The Philosophy of Improvisation

August 26, 2019

Published on May 18, 2014

he Philosophy of Improvisation

Improvisation is one of the highest and most demanding forms of music composition. Many people try to learn how to improvise by studying scales, modes, licks and other “cheats”. In my opinion, these mechanical cheats are not only intellectually and musically dishonest, but will also end up frustrating those of you who are truly talented, because they will not teach you how to improvise. They will merely turn you into monkeys who regurgitate licks, play scales super-fast other such non-musical garbage.

In this video I present a different philosophy to learning to improvise. In my view, mastering improvisation is comprised of three steps:

1.) First, learn how to compose. Be able to say something “offline” before saying it “online”! If you can’t come up with musical ideas without any pressure, how on earth are you going to do it on the fly? By training your composition skills you are building up a true musical vocabulary of ideas.

(2.) Once you can compose on the fly in your head, you must be able to recognize the notes your hear in your mind.
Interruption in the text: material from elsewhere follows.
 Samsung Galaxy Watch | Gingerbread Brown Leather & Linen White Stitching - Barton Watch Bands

If you hear a musical phrase in your imagination, you must be able to say which notes precisely it corresponds to. This involves training your ear.
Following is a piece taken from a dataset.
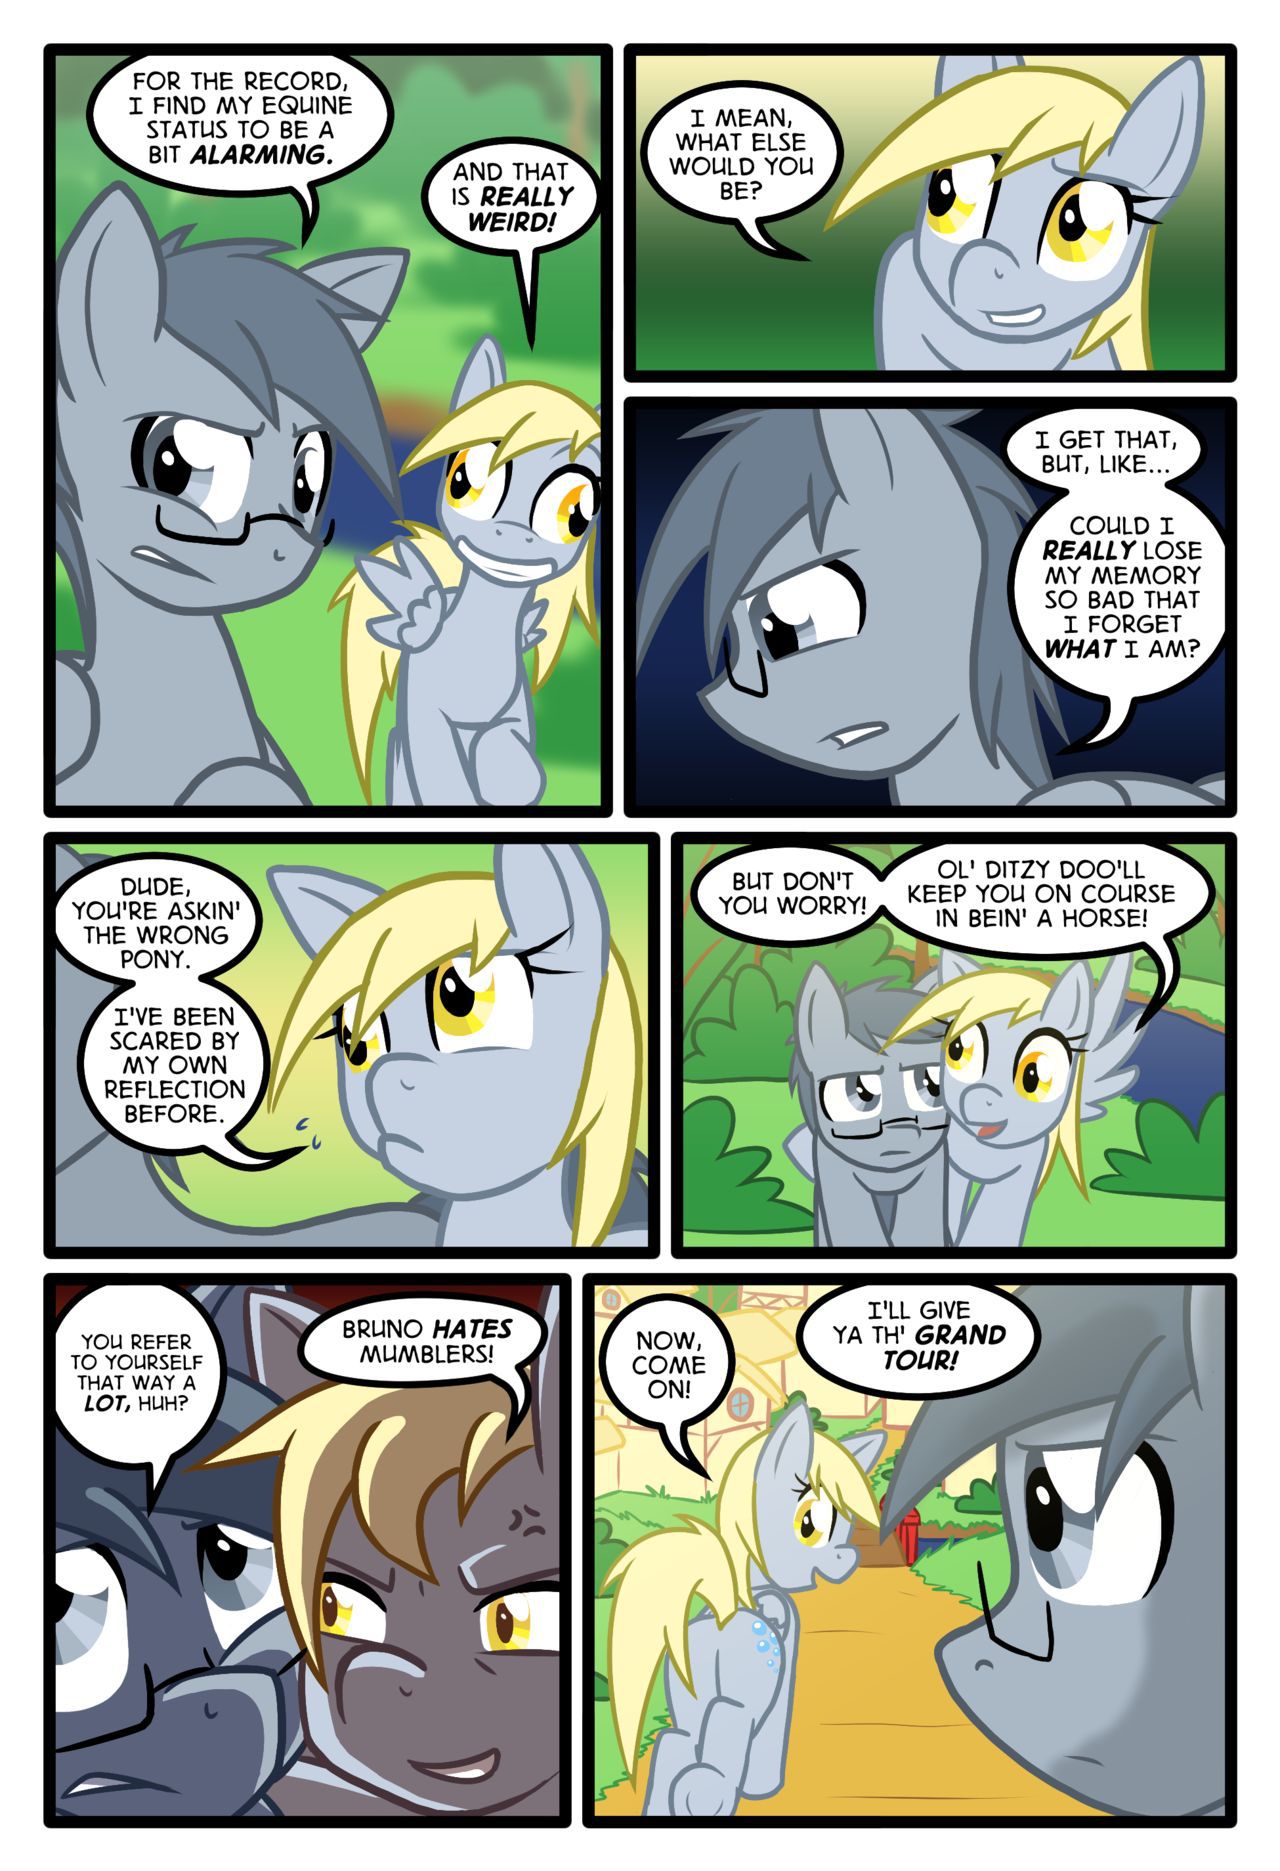 [Zaron] Lonely Hooves (My Little Pony Friendship Is Magic) [Ongoing] 11

(3.) Finally, train your hands and master the technique necessary to play those notes you hear in your head in real time.

In my book, this is the ONLY honest way to improvise. I highly encourage all competent and curious musicians out there to steer clear of “licks” and “scales” and to embark on a much more satisfying – albeit probably much harder – journey.

More About Improvisation and Jazz from Wikipedia:

Musical improvisation (also known as musical extemporization) is the creative activity of immediate (“in the moment”) musical composition, which combines performance with communication of emotions and instrumental technique as well as spontaneous response to other musicians. Thus, musical ideas in improvisation are spontaneous, but may be based on chord changes in classical music, and indeed many other kinds of music. One definition is a “performance given extempore without planning or preparation.” Another definition is to “play or sing (music) extemporaneously, especially by inventing variations on a melody or creating new melodies in accordance with a set progression of chords.”

Improvisation is one of the basic elements that sets jazz apart from other types of music. The unifying moments in improvisation that take place in live performance are understood to encompass the performer, the listener, and the physical space that the performance takes place in. Even if improvisation is also found outside of jazz, it may be that no other music relies so much on the art of “composing in the moment”, demanding that every musician rise to a certain level of creativity that may put the performer in touch with his or her unconscious as well as conscious states. The educational use of improvised jazz recordings is widely acknowledged. They offer a clear value as documentation of performances despite their perceived limitations. With these available, generations of jazz musicians are able to implicate styles and influences in their performed new improvisations. Many varied scales and their modes can be used in improvisation. They are often not written down in the process, but they help musicians practice the jazz idiom.